Now imagine that that procedure turns out to be not only useless for most patients, but potentially fatal to the 10 critical patients for whom such exacting adherence to the rules exists in the first place.

That's exactly the situation we face today, with our blind application of cervical collars and longboards to everyone who in any way suffers the effects of misguided kinetic energy, no matter how trivial or brief.

So it was with a mix of fascination (because it was fascinating) and frustration (because I doubt things will change) that I read an article this week challenging one of the most basic precepts of EMS.

The latest issue of the Journal of Special Operations Medicine includes an article by Dr. Peter Ben-Galim, of the Spine Research Laboratory at Baylor College of Medicine, where he is also an assistant professor of medicine.

In it, Dr.
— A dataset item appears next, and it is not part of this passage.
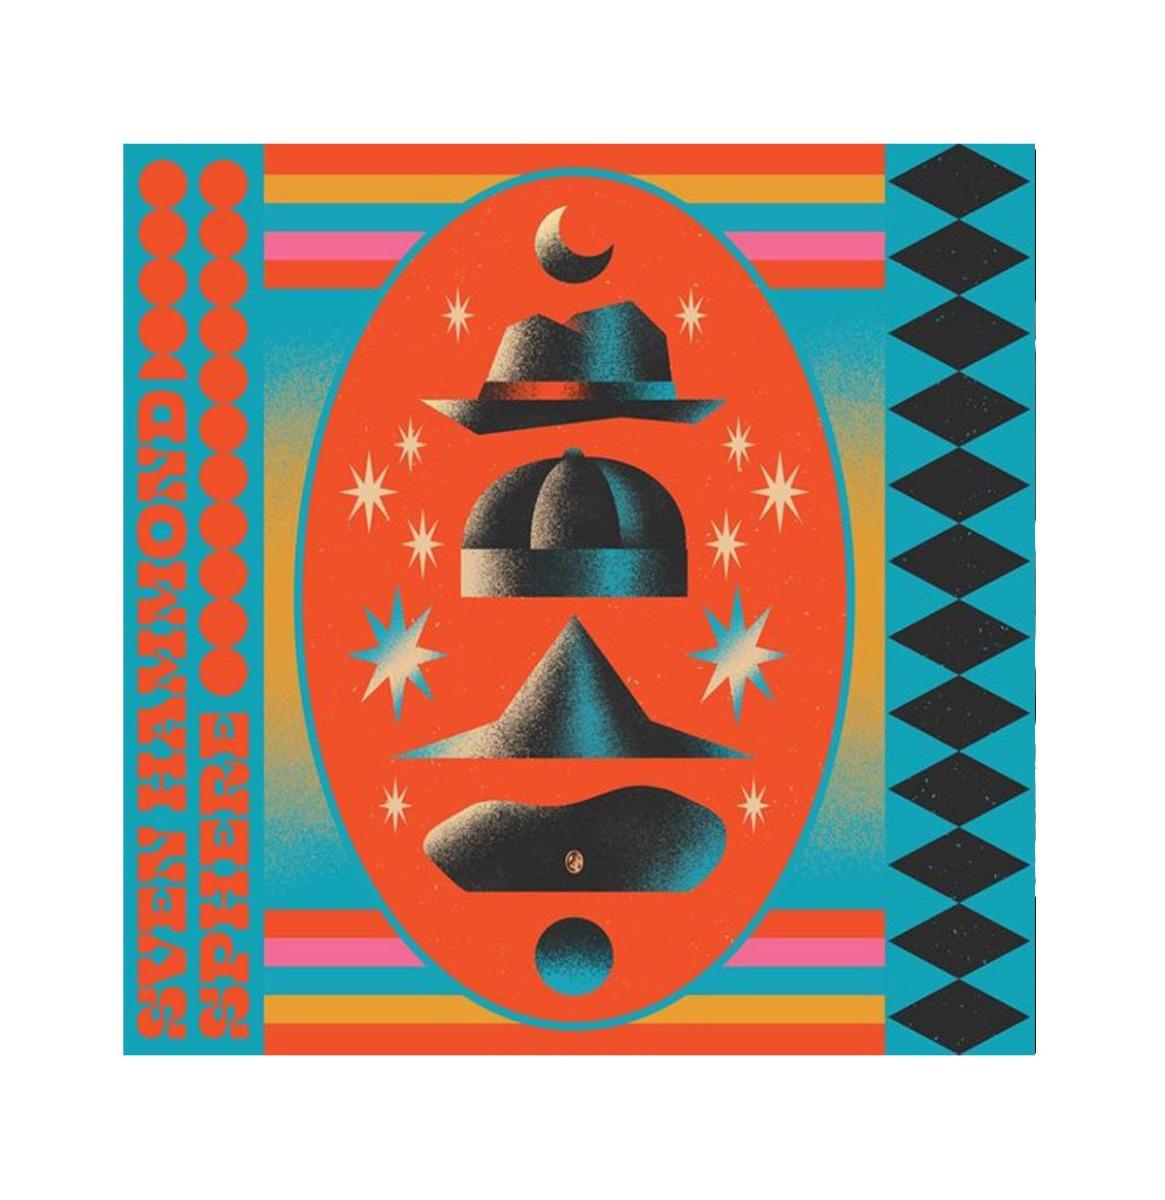 Sven Hammond - Sphere LP

Ben-Galim comes to two interesting conclusions:

1 -- there is no evidence that a c-collar "can truly prevent abnormal motion of a severely injured spine in a trauma patient," and,

2 -- after experiments with fresh cadavers and examining other physical evidence, Dr. Ben-Galim found that for patients with unstable spine injuries, "the collars may be doing more harm than good," including all sorts of devastating sequelae, including death

In other words, there's no proof that what is perhaps the single-most common procedure in EMS (ie, aggressive c-spine immobilization as currently practiced) does even an iota of good, while there are some pretty significant indicators that it could be fatal to the statistically tiny fraction of patients for whom the whole megilla was concocted in the first place.

Like I said, it would be ironic if it weren't tragic.

Dr. Ben-Galim's conclusions were based on research he and his colleagues in Houston conducted on fresh human cadavers, on whom various c-spine immobilization devices were applied after a process in which the cadavers were frozen, then re-warmed to room temperature (there being a strong correlation between spinal movement in uninjured, asymptomatic living humans and room-temperature cadavers).

The research team surgically severed the ligaments holding high cervical vertebrae in place (C1 and C2), and fractured the odontoid, a small bone that extends from the beginning of the axis to the opening of the atlas, alongside the spinal cord.

Typically, these conditions result in instantaneous death, though Dr. Ben-Galim notes that there are almost two dozen instances in the literature of patients surviving this condition (aka internal decapitation).

The researchers then applied a properly-sized cervical collar and compared the resulting anatomical changes using flouroscopy and CT scans.

In EVERY SINGLE case, the "proper" application of cervical collars resulted in gross and potentially fatal separation between C1 and C2.

"The current presentation of our data supports several previous studies in suggesting that extrication collar designs can effectively push the head away from the shoulders, resulting in grossly abnormal displacements between the occiput and the spine," Dr. Ben-Galim writes. "Although these collars are applied to millions of trauma victims each year with the intent of protecting against secondary injuries in the RARE CASE of a serious cervical spine injury, IT IS IN THESE VERY UNSTABLE SPINE INJURIES THAT THE COLLARS MAY DO MORE HARM THAN GOOD." (Emphasis mine)

Dr. Ben-Galim applauds the move away from in-line "traction" to "stabilization" in EMS over the recent years, and encourages research into new ways of c-spine immobilization.

"These observations," he concludes with great understatement, "raise the question for a need of an entirely new concept of EMS and pre-operative cervical spine and head stabilization."

Of course, in EMS you can raise the question, it all just depends on who's going to provide the answer.